_Aim of the task_: Exact copies of the lines below, from the one with "Крестовина карданного вала" up to and including the one with "可爱卡通海洋风夏令营活动策划方案PPT模板", are what this calls for; leave out pictures.

++++ Data

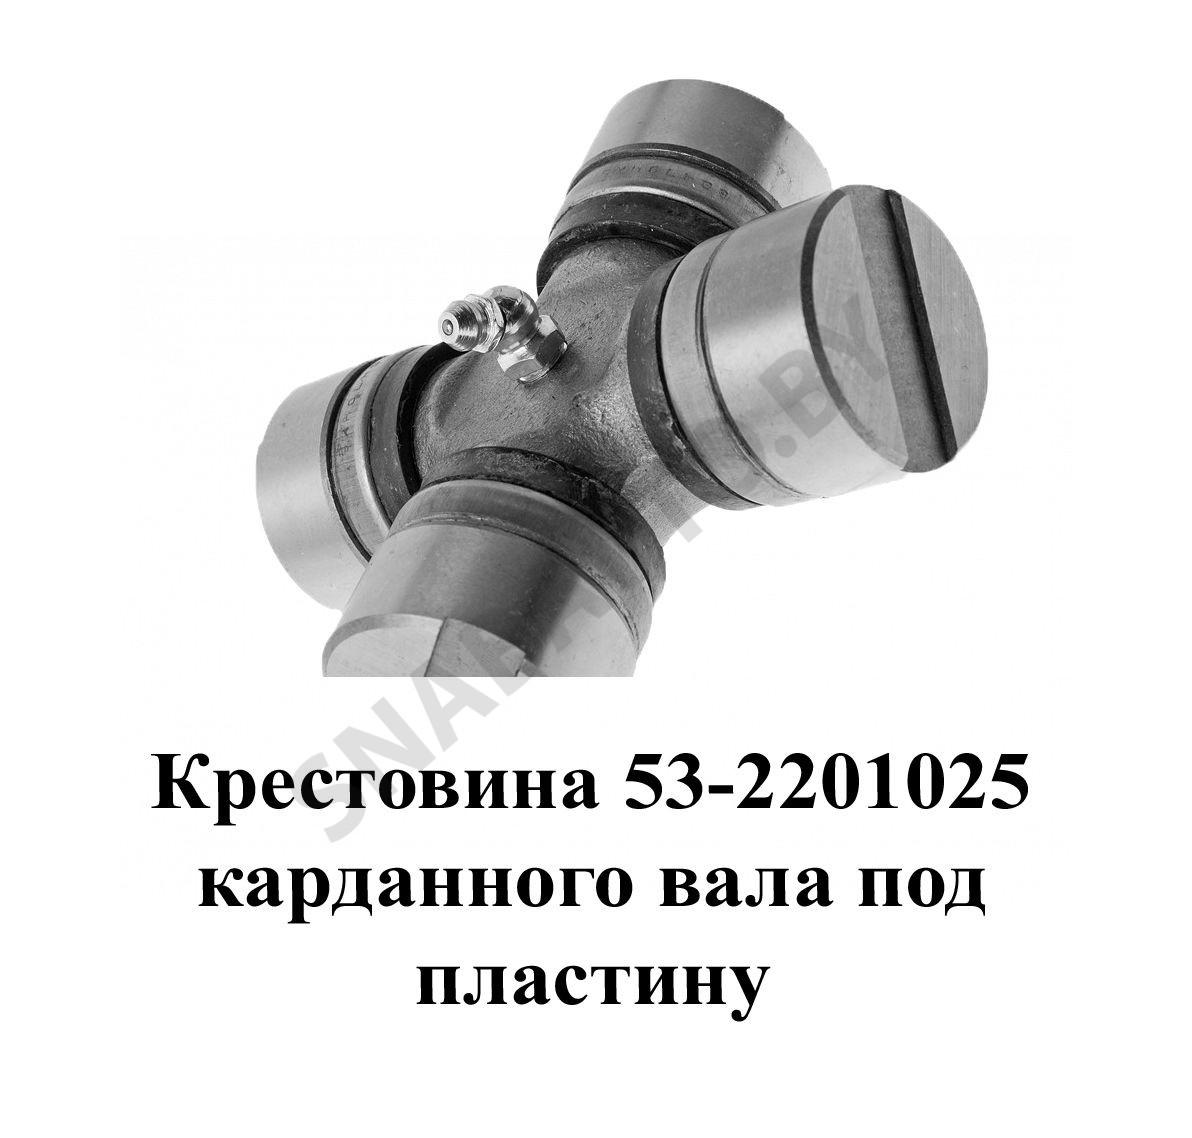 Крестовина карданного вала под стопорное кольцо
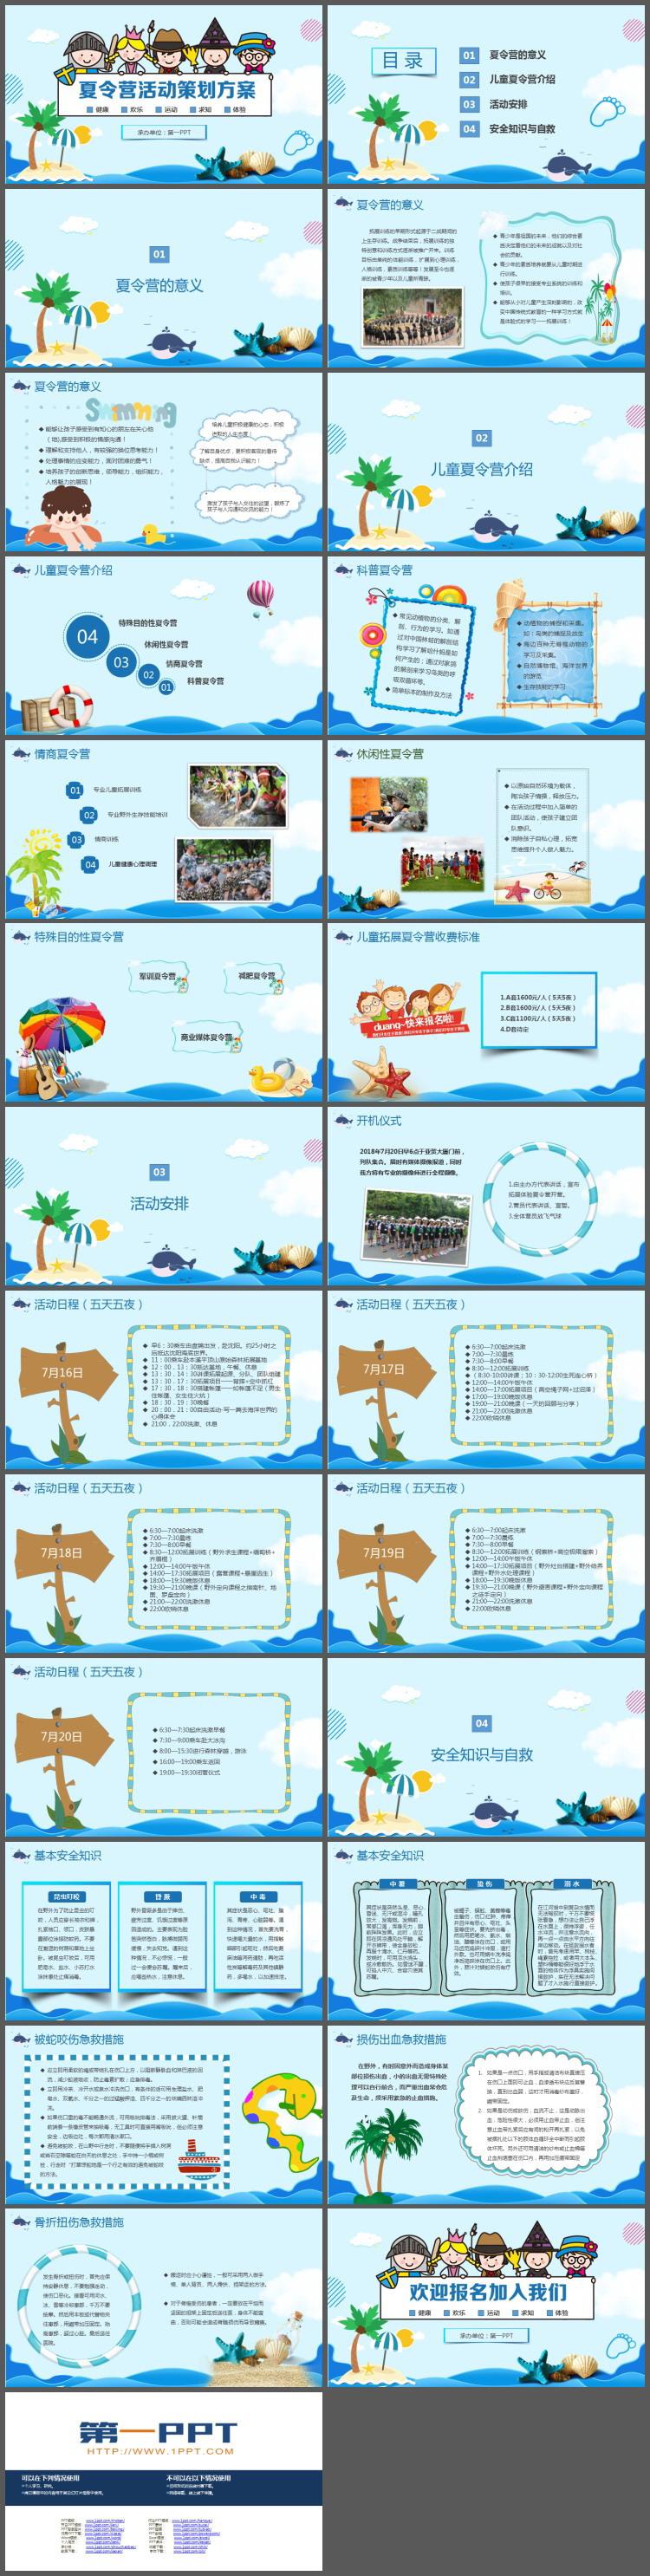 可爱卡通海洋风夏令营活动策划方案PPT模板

++++++++
++++ Data

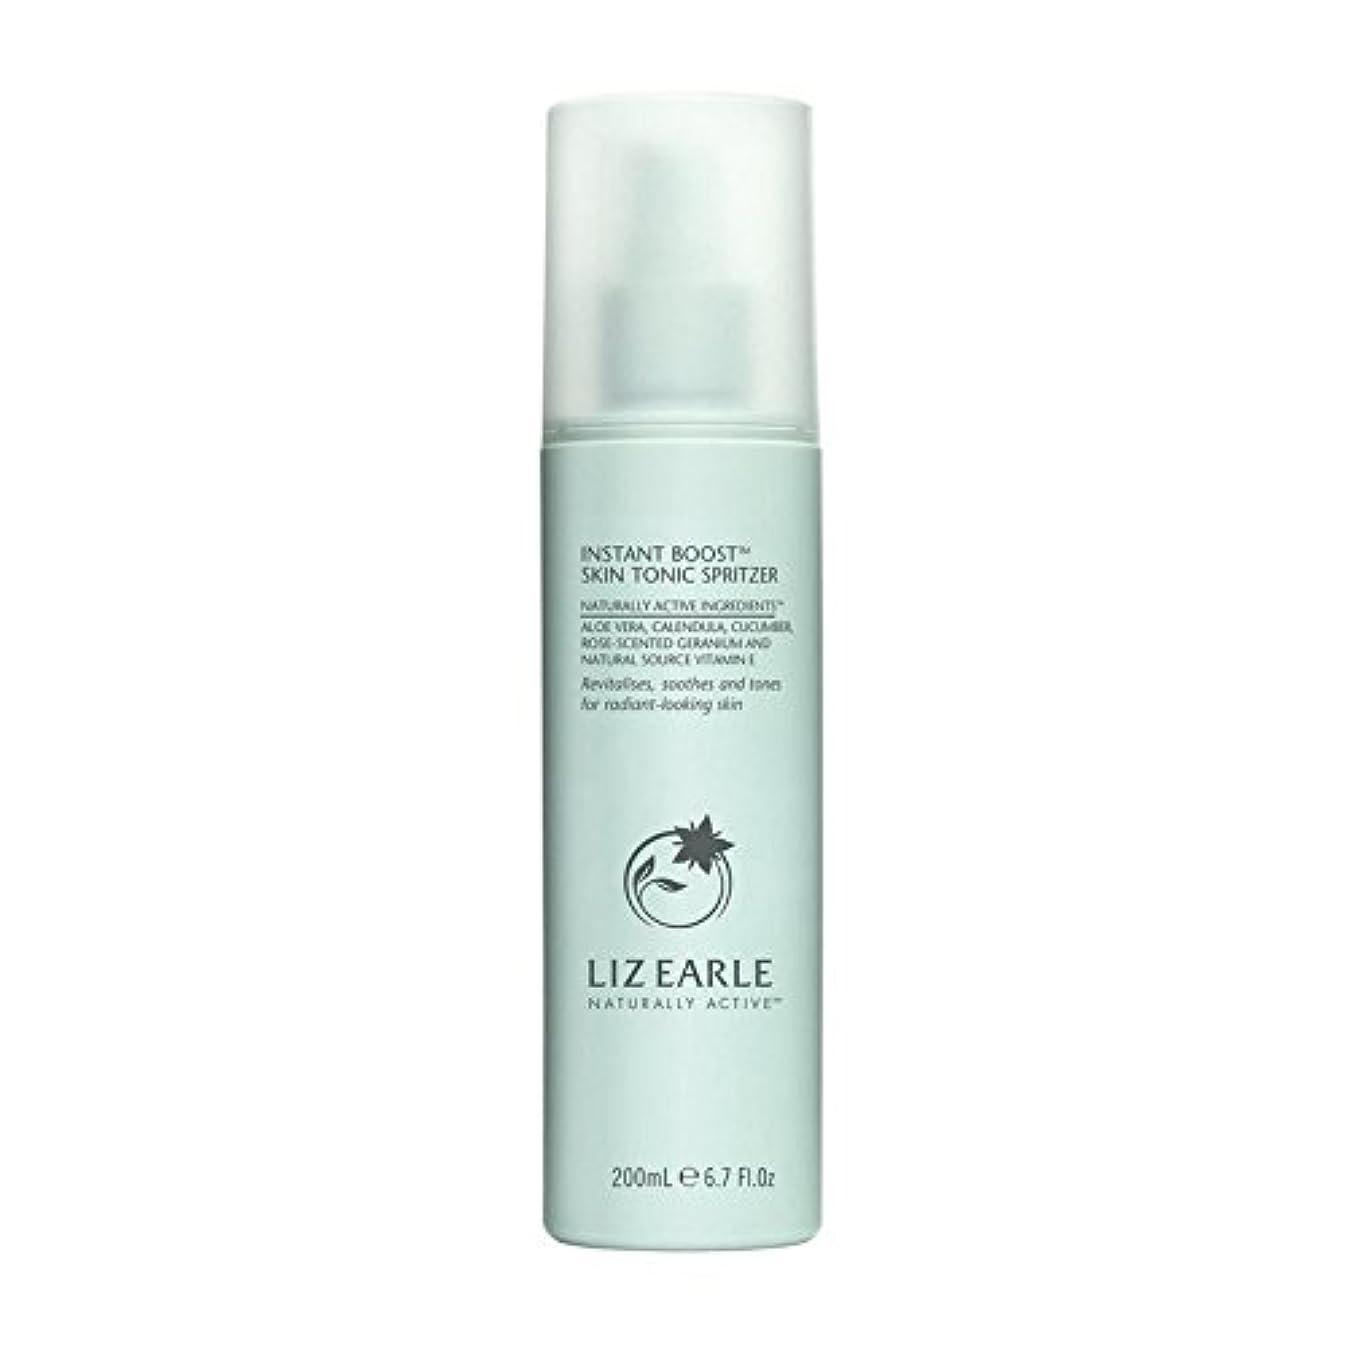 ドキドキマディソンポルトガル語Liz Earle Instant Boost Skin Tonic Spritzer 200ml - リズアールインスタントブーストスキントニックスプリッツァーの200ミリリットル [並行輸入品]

++++++++

_Reply to the exercise_:
 Крестовина карданного вала под стопорное кольцо
 可爱卡通海洋风夏令营活动策划方案PPT模板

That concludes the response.